Anysoft unveils a development toolkit that promises to let data from any software application or format be used in any other application.

CNET News staff
A software start-up is promising to provide a lingua franca for software so that data from any software application or format can be used in any other application.

Anysoft is licensing its Any DataRouting Technologies to other software makers, corporations, Internet service providers, and online services to try and answer the call for true software interoperability. Although vendors of major desktop productivity applications like Microsoft have created formats that make it easier to share data between different applications, that effort hasn't extended to many vendors of client-server applications.
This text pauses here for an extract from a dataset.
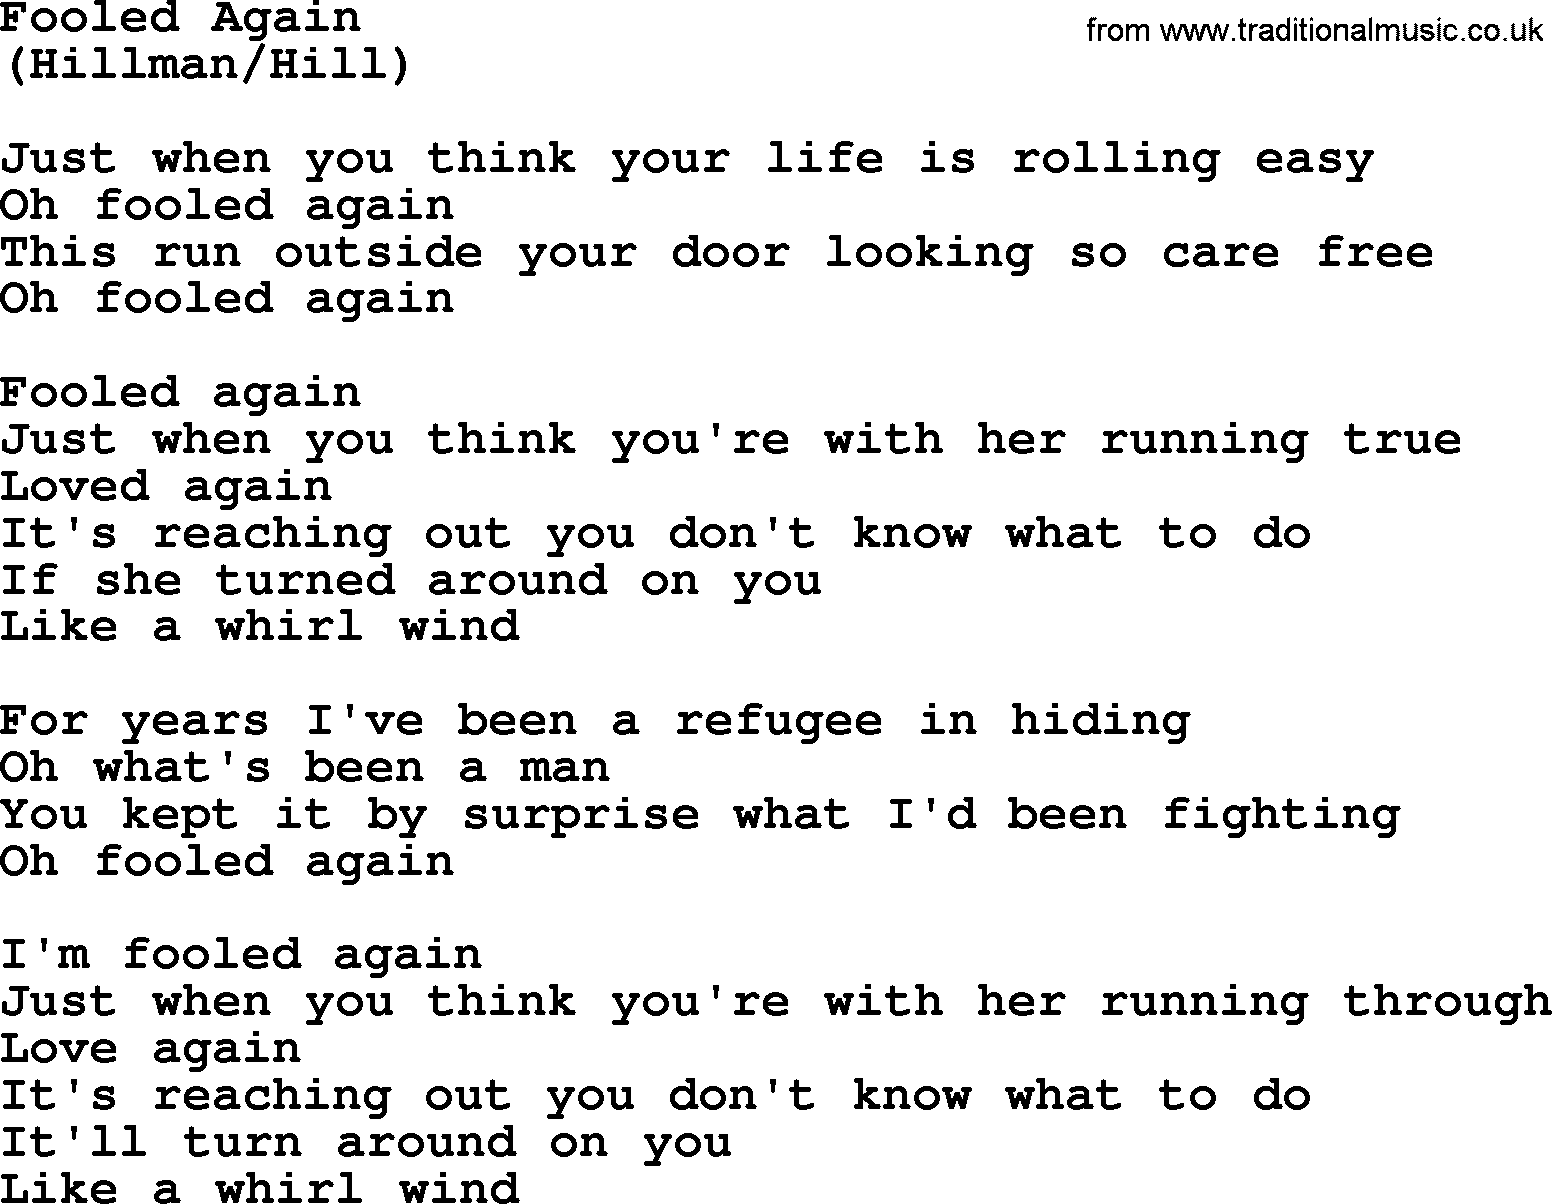 The Byrds song Fooled Again, lyrics
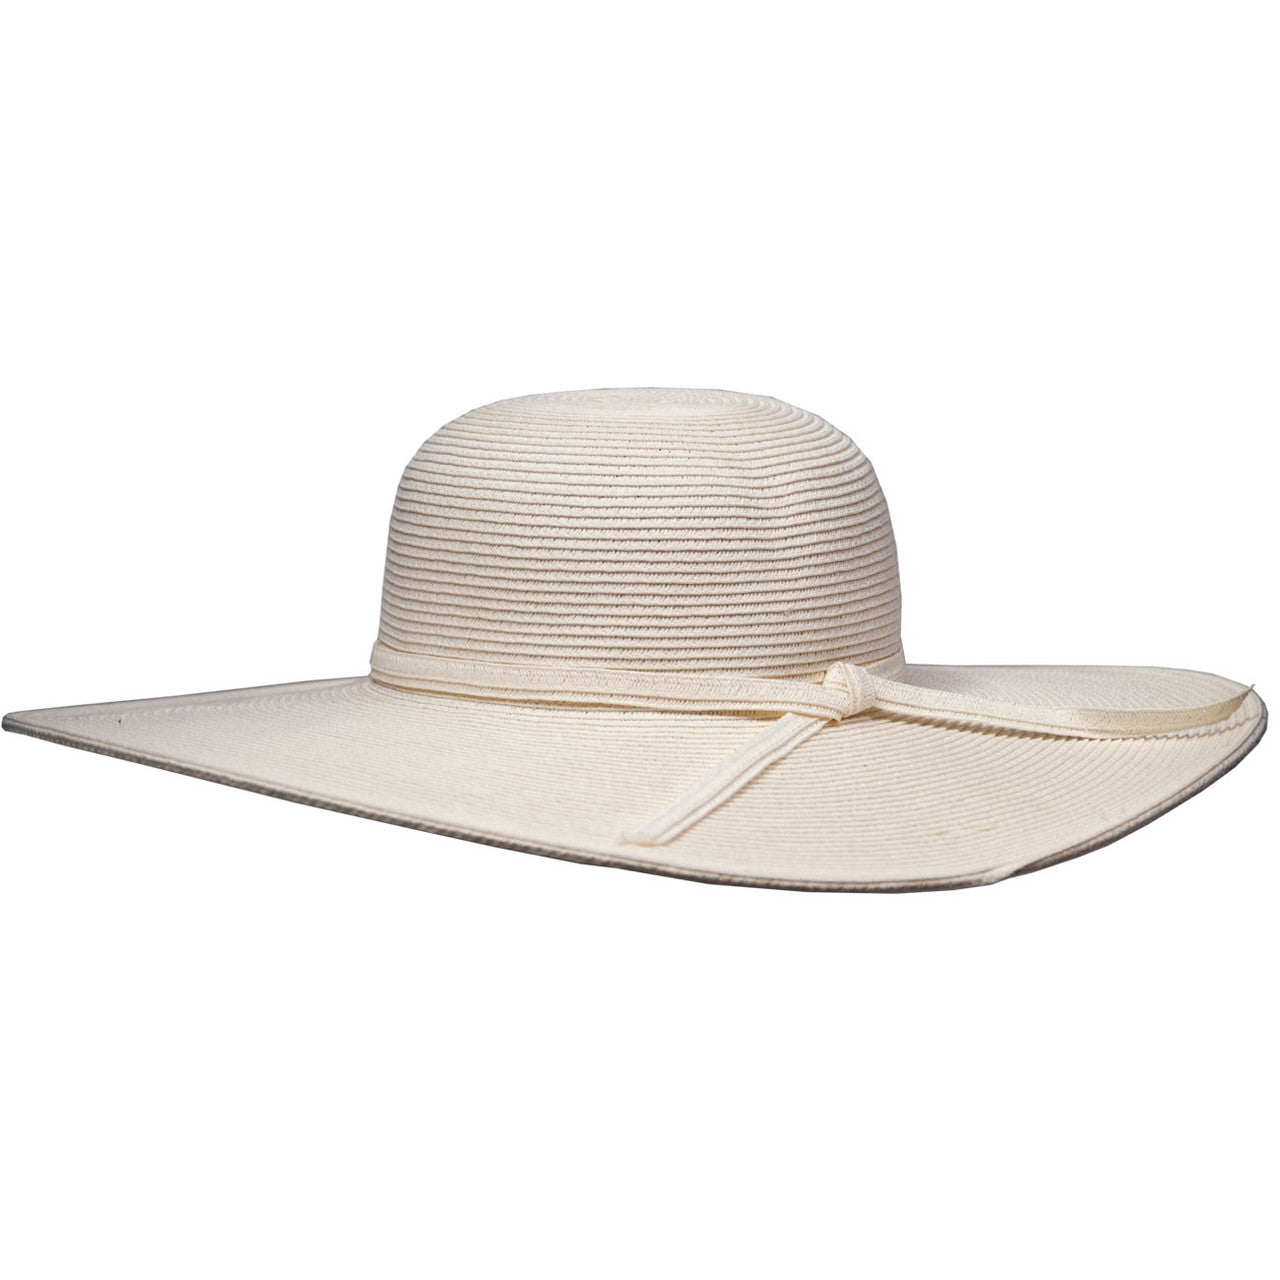 Saint Martin | 5 Flat Brim Sun Hat | Hats Unlimited Tan / One Size Fits Most Female

Anysoft's set of client-server technologies are designed to let applications gather, share, and process any digital content from any source and route the information to any destination regardless of application or format.

The Israel-based company believes corporate users can use its technology to move data and applications to other platforms without the need for reformatting or reprogramming. The software should allow all applications to work together, according to Illan Poreh, Anysoft's founder, CEO, and president.

Volume-based licensing fees range from $20,000 to $400,000 up front, plus a royalty of 1 to 3 percent per application enabled, spokesman Douglas Fish said.

The company has been developing the technology since 1993.

Licensing fees range from $20,000 to $400,000, depending on volume, plus a royalty of 1 to 3 percent on all applications sold, said spokesman Douglas Fish. Corporate users pay only the flat fee.